I have prepared a draft of an article on reproducible research methods that I was invited to contribute to the Encyclopedia of Applied and Computational Mathematics to be published by Springer. [Update: I just checked with Springer and the $5000 price quoted is not a typo. Needless to say I'm not happy about this! I'm looking into it further.] [Further update on 29 Feb 2012: I've been told that the price on that webpage was a mistake and it's a mystery how it got in the database. That was last week and it's still there...]
I welcome comments on this draft, either sent by email or posted below.

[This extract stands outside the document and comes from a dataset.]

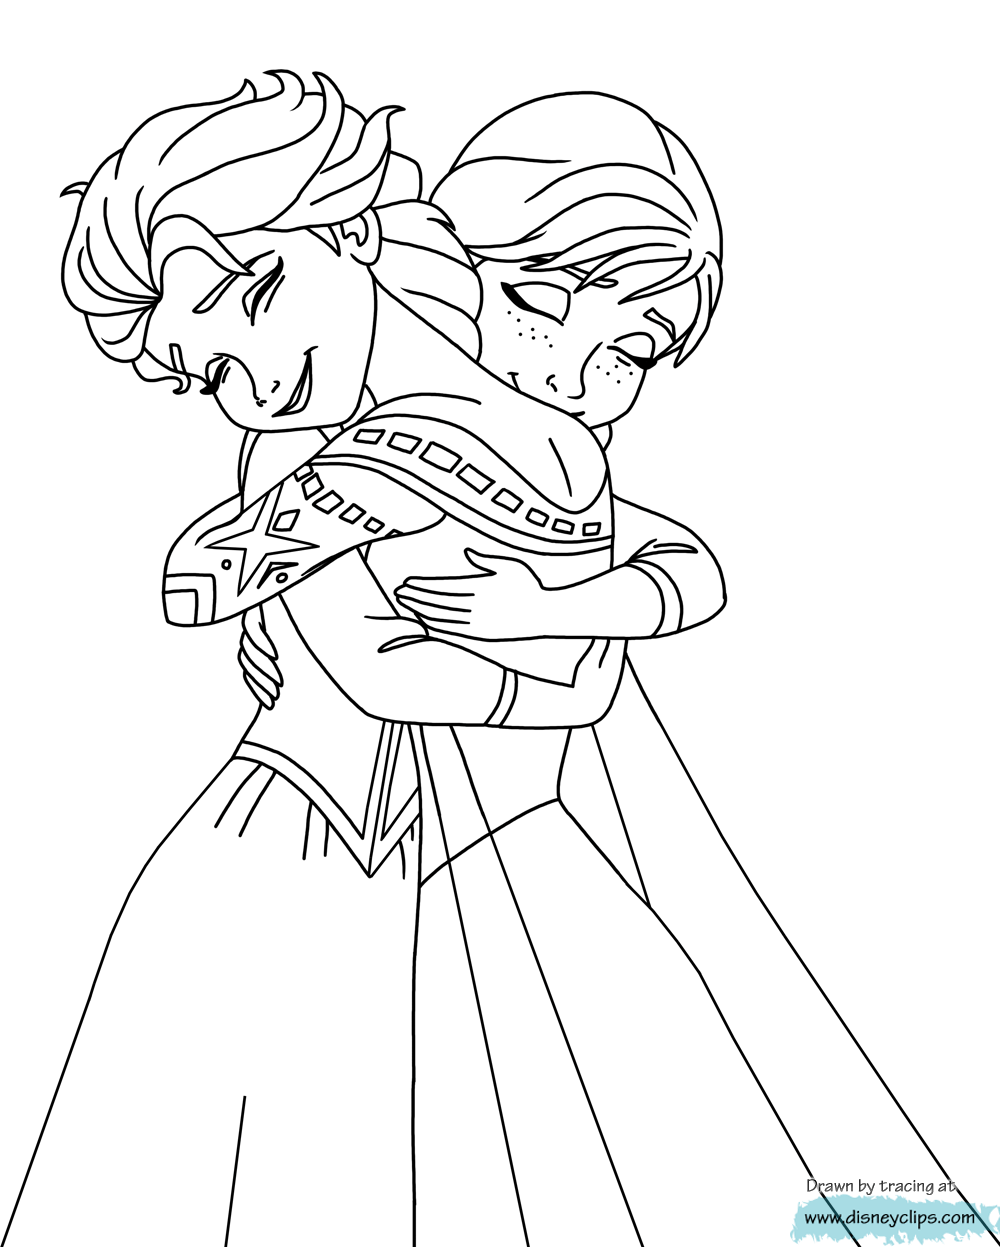 Anna et Elsa, les célèbres princesses Disney, s'enlacent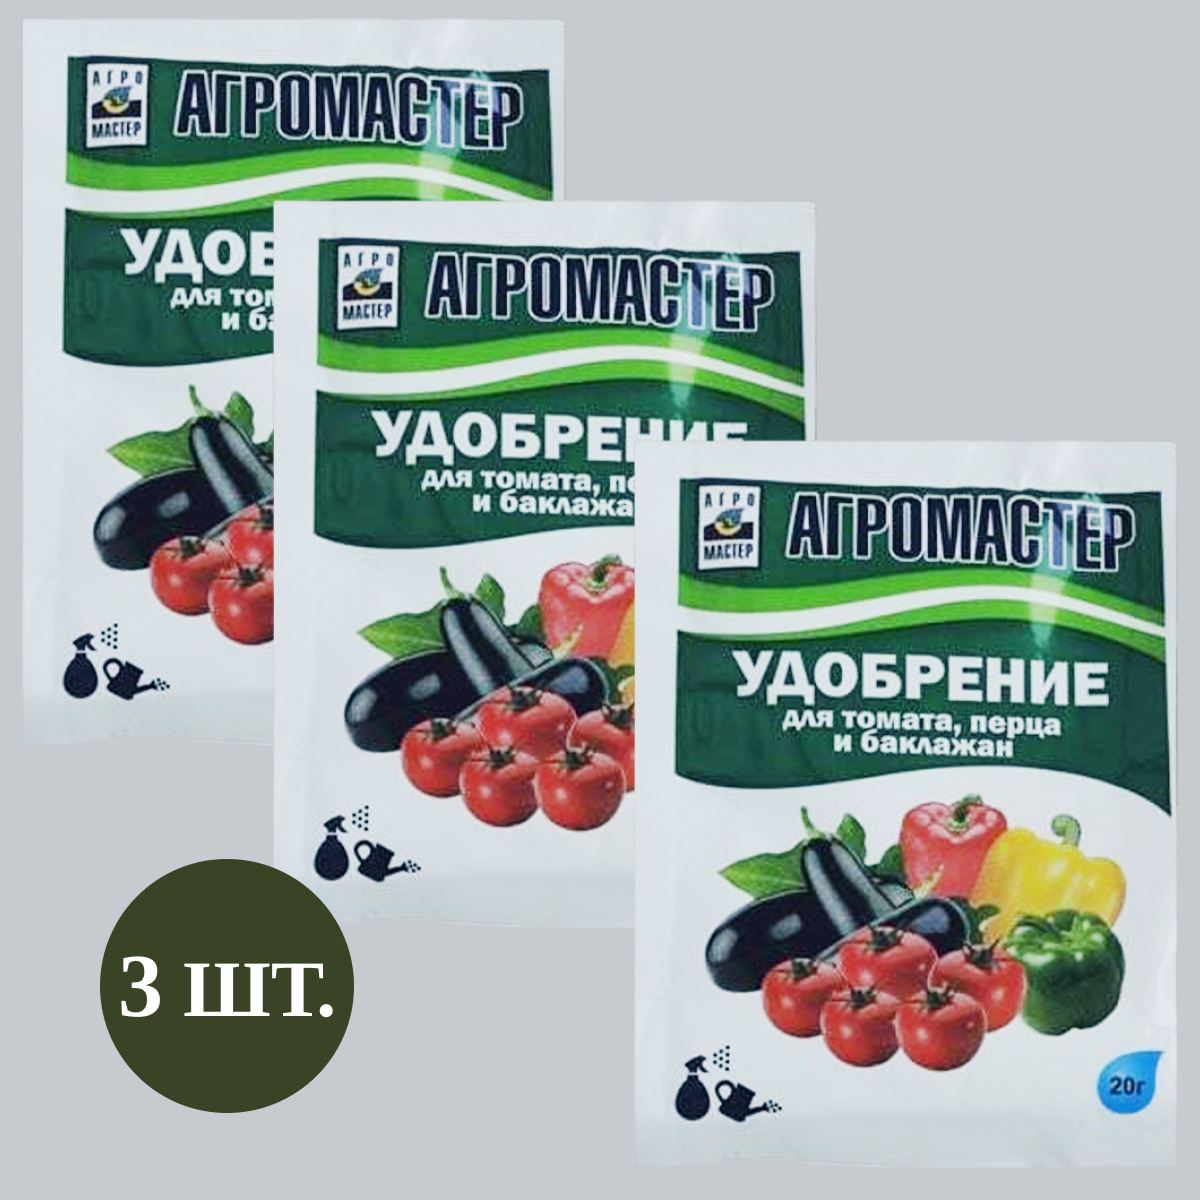 АгроМастер 10-18-32 для томата, перца и баклажан 0,02, 3 шт - фотография № 2

Note that this article was greatly constrained in size (it may be too long already) and so I was very selective in what to include, but if you think I’ve neglected something important I will consider it.
I have avoided mentioning specific tools (other than some version control
systems) since there are a so many out there it would be hard to choose
which to point out, and hard to know which will stand the test of time.
I have included only two references, selected primarily as sources of other links.